Given the standard XML architecture of these editions as these have evolved, whereby textual divisions are set in the content of elements but pages are marked with empty anchor elements (eg <pb/>) this is just what XSLT etc find very tricky indeed. If you can do it (and I have not yet seen this done, though I have heard lengthy explanations of how it *might* be done) you can only do it with great difficulty with the standard tools.
At the Constantijn Huijgens Instituut we have done this (more or less). Our edition of the 'Geraardsbergse handschrift' (Geraardsbergen Miscellany) is based on a TEI encoded XML file where text structure is used to define the hierarchy, and pages are encoded as pb-elements (milestones). Nevertheless, we present our edition on a page by page basis.
The edition is available at http://www.chi.knaw.nl/epub/mvn/geraardsbergen/index.html. I'm afraid everything is in Dutch right now, but from the 'Inleiding' (introduction) option, the xml and xslt source files are available. The edition pages can be accessed from the 'editie' (edition) or 'inhoud' (contents) option. On some pages (e.g. http://www.chi.knaw.nl/epub/mvn/geraardsbergen/f109r.html), there's also a facsimile.
(We'll create full facsimile-cum-transcription editions in the future; this one is a book based publication, converted into digital form recently).

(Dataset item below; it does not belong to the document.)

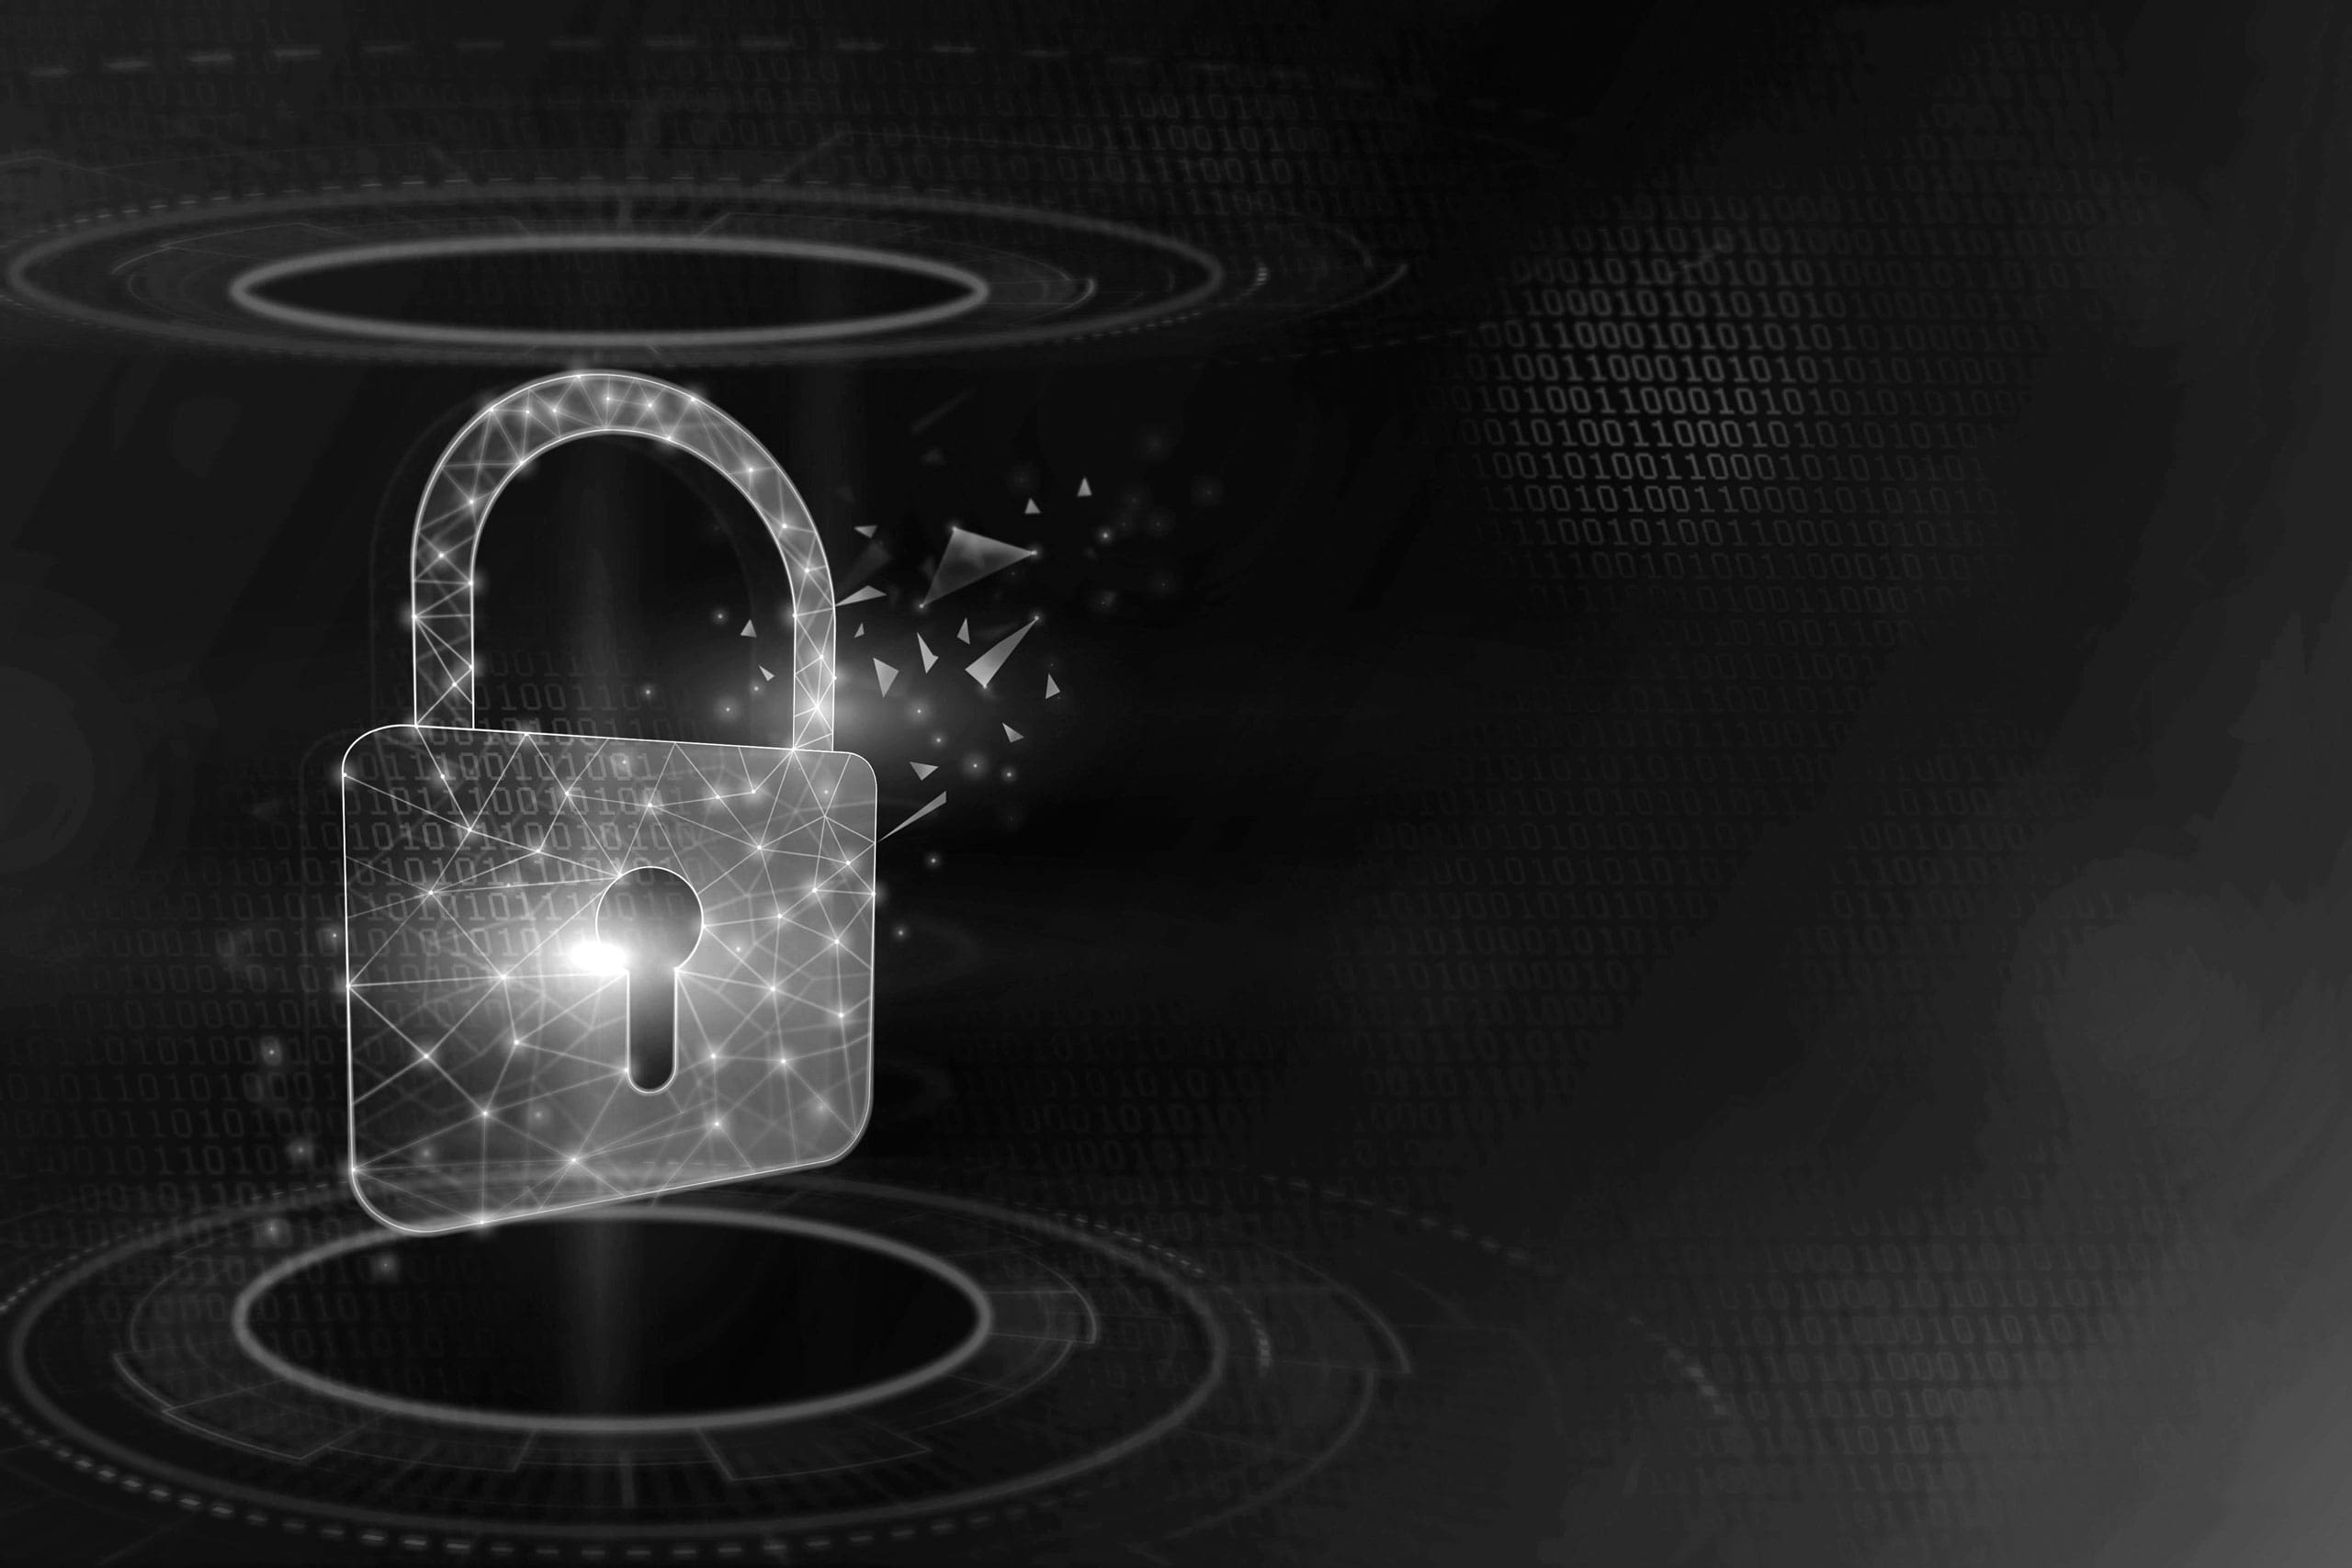 Das audako Sicherheitskonzept gegen Cyberkriminalität: IT-Sicherheit auf höchstem Niveau aus Expertensicht

In the present edition, performance is not an issue, as the pages contain static html. If I were to write this stylesheet again, in the interest of performance and clarity, I would separate the milestone handling from producing the final output. I'd use an intermediate stylesheet to transform the milestone elements into full page elements at the highest level of the hierarchy. These page elements would contain those segments of the text, div, p (etc.) elements that the associated page contains. The resulting XML file, would, I'm sure, perform beautifully in a dynamic environment.